The prompt for the agent looks like this:

PROMPT_TEMPLATE = """Today is {today} and you can use tools to get new information.
Answer the question as best as you can using the following tools: 

{tool_description}

Use the following format:

Question: the input question you must answer
Thought: comment on what you want to do next
Action: the action to take, exactly one element of [{tool_names}]
Action Input: the input to the action
Observation: the result of the action
... (this Thought/Action/Action Input/Observation repeats N times,
use it until you are sure of the answer)
Thought: I now know the final answer
Final Answer: your final answer to the original input question

Begin!

Question: {question}
Thought: {previous_responses}
"""

A couple of things are passed into the prompt which are:

  • Today’s date: I’ve added that one, because the LLM would otherwise sometimes argue that ’this makes no sense, because the date is in the future’ when it got new information
  • The description of tools: each tool has a name and a description of how it can be used - this is to make the LLM aware of the tool to be able to use it
  • The tool names: this is repeated again to indicate to the LLM that it should always choose exactly one of the tools
  • The question: this is the user input - the thing you are interested in
  • The previous responses: as the agent reasons and uses tools, we add the gained information here in a loop

Tool usage

A tool is just a little Python class which implements the method use(input_text: str) -> str, has a name and a description.

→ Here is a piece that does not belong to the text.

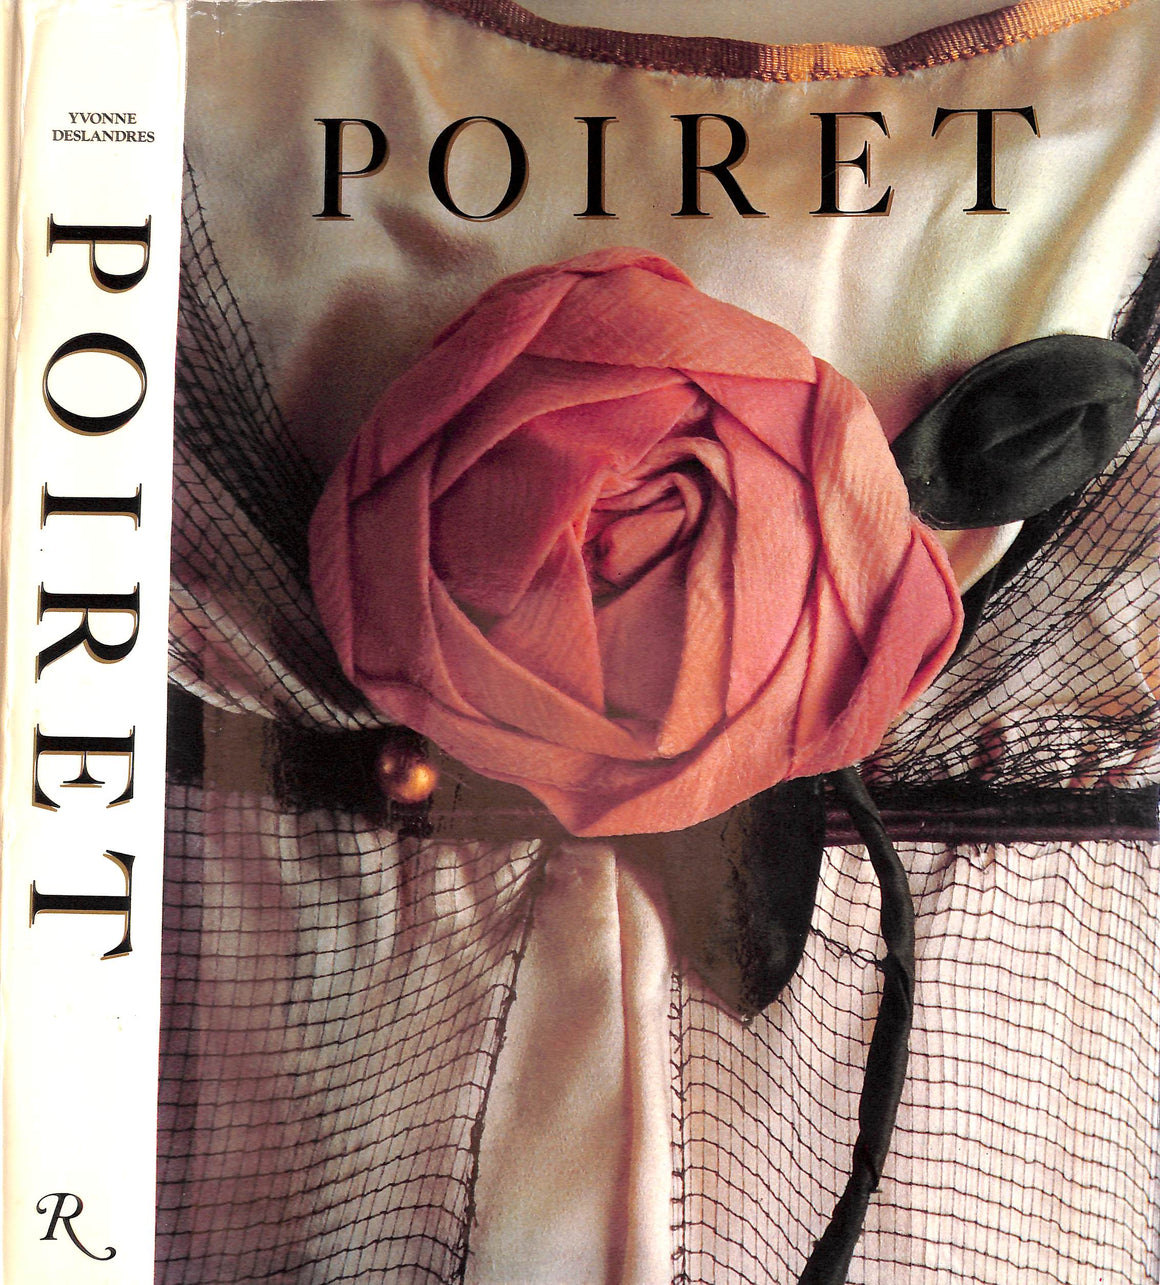 "Poiret" 1987 DESLANDRES, Yvonne

The name and description help the LLM to understand what it can do and the use method is what actually gets executed in the Observation step.

For example this is the essential part of the search tool:

class SerpAPITool(ToolInterface):
    """Tool for Google search results."""

    name = "Google Search"
    description = "Get specific information from a search query. Input should be a  question like 'How to add numbers in Clojure?'. Result will be the answer to the question."

    def use(self, input_text: str) -> str:
        return search(input_text) 

The agent loop

The main loop of the agent is very simple and goes like this:

num_loops = 0
while num_loops < self.max_loops:
    num_loops += 1
    curr_prompt = prompt.format(previous_responses='\n'.join(previous_responses))
    generated, tool, tool_input = self.decide_next_action(curr_prompt)
    if tool == 'Final Answer':
        return tool_input
    if tool not in self.tool_by_names:
        raise ValueError(f"Unknown tool: {tool}")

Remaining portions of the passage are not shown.